If you like Sicilian reds, odds are you’ve had a Nero d’ Avola. It’s a red wine grape that also likes hot and dry conditions and it doesn’t need a lot of water. These are great qualities to have if you’re going to be growing up in the heat of the Sicilian summer. Nero d’ Avola grapes are indigenous to Sicily and Nero d ‘ Avola wines are one of the most important in the region.
Nero d’ Avola is also used to make a fortified wine. It’s known as Marsala Rubino. Nero d’ Avola wines typically have soft acidity, aromas of berries and dark fruit, and notes of juicy blackberries, cherries, and spice.
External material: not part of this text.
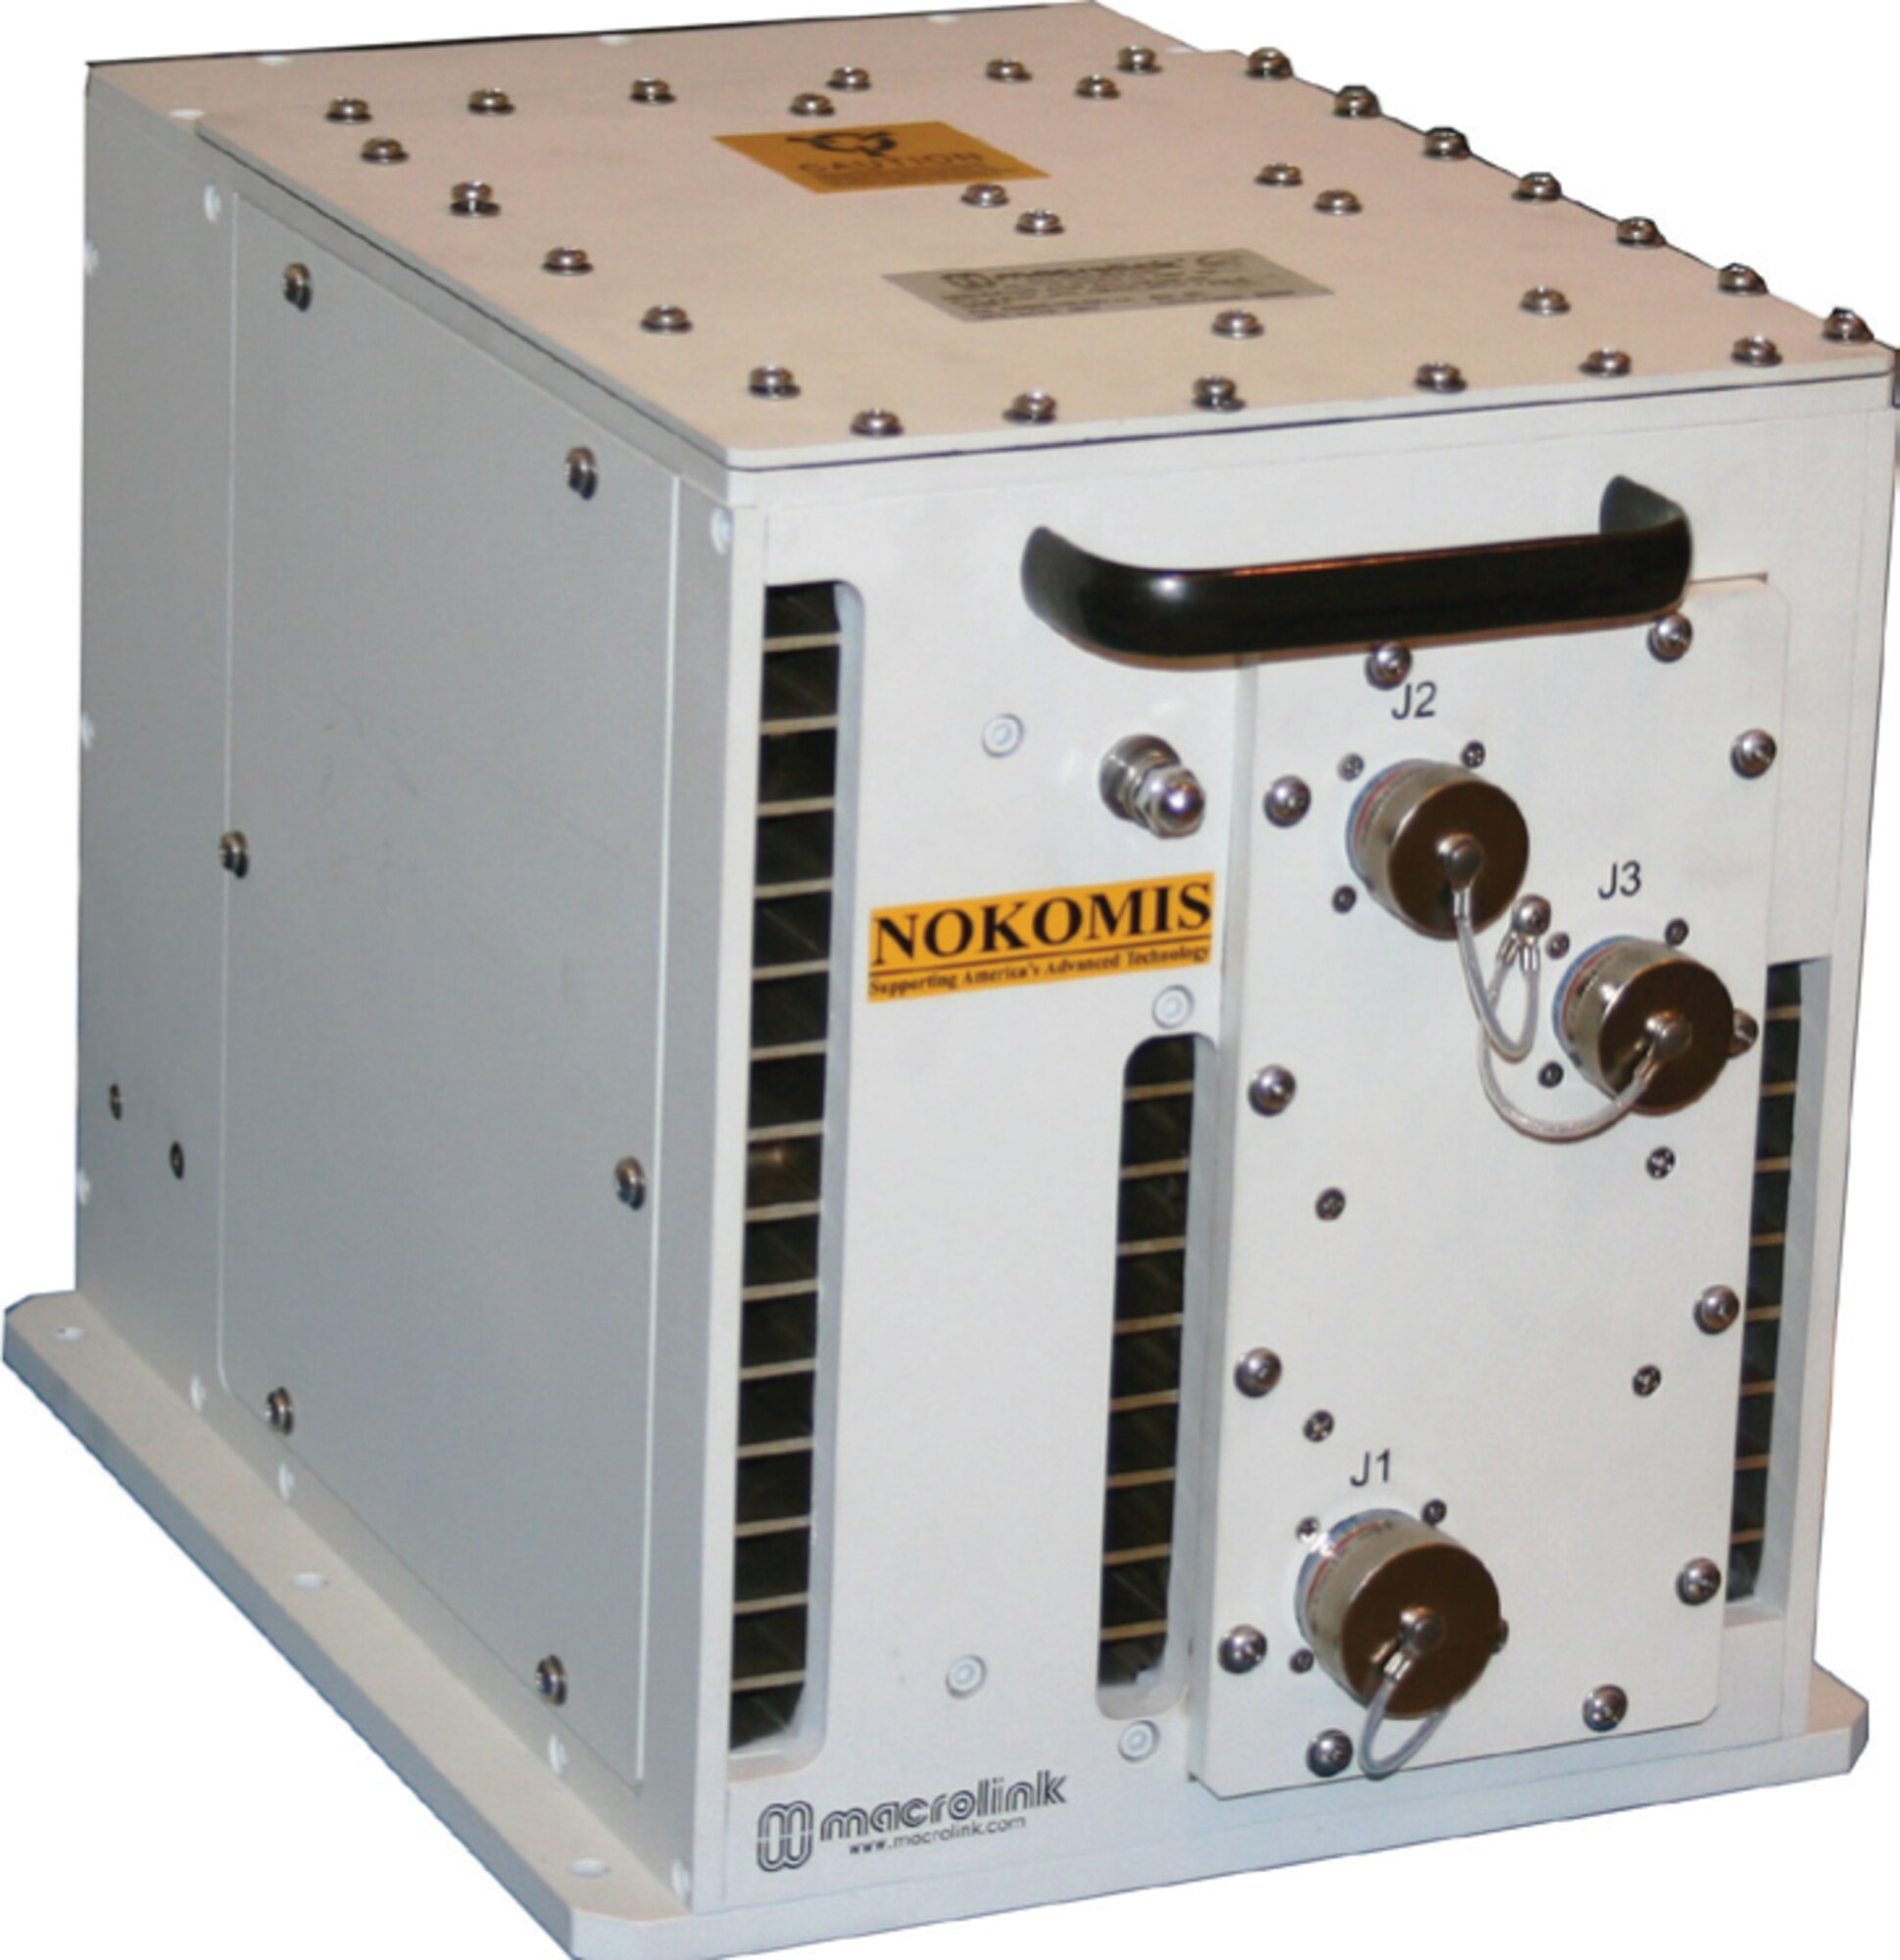 With Small Business Innovation Research funding, Nokomis, Inc., developed a RADICAL, Remote-Controlled Improvised Explosive Device Detection Identification and Classification Algorithms, system to mitigate improvised explosive device threats for deployed troops. (AFRL image)

I had picked up two bottles of Corvo Nero d’ Avola, Sicilia DOC, 2018 alongside my bottles of Corvo Grillo, Sicilia DOC, 2020 so I gave the
Nero d’ Avola a try, like I had with the Grillo.

The Corvo Nero d’ Avola, Sicilia DOC, 2018 had mild acidity, fresh raspberry, cherry, and floral aromas, and ripe plum, and delicate pepper notes.
I was glad I had chosen to stick with this producer for both my white and red picks and at just under $10.00 a bottle it definitely didn’t break the bank.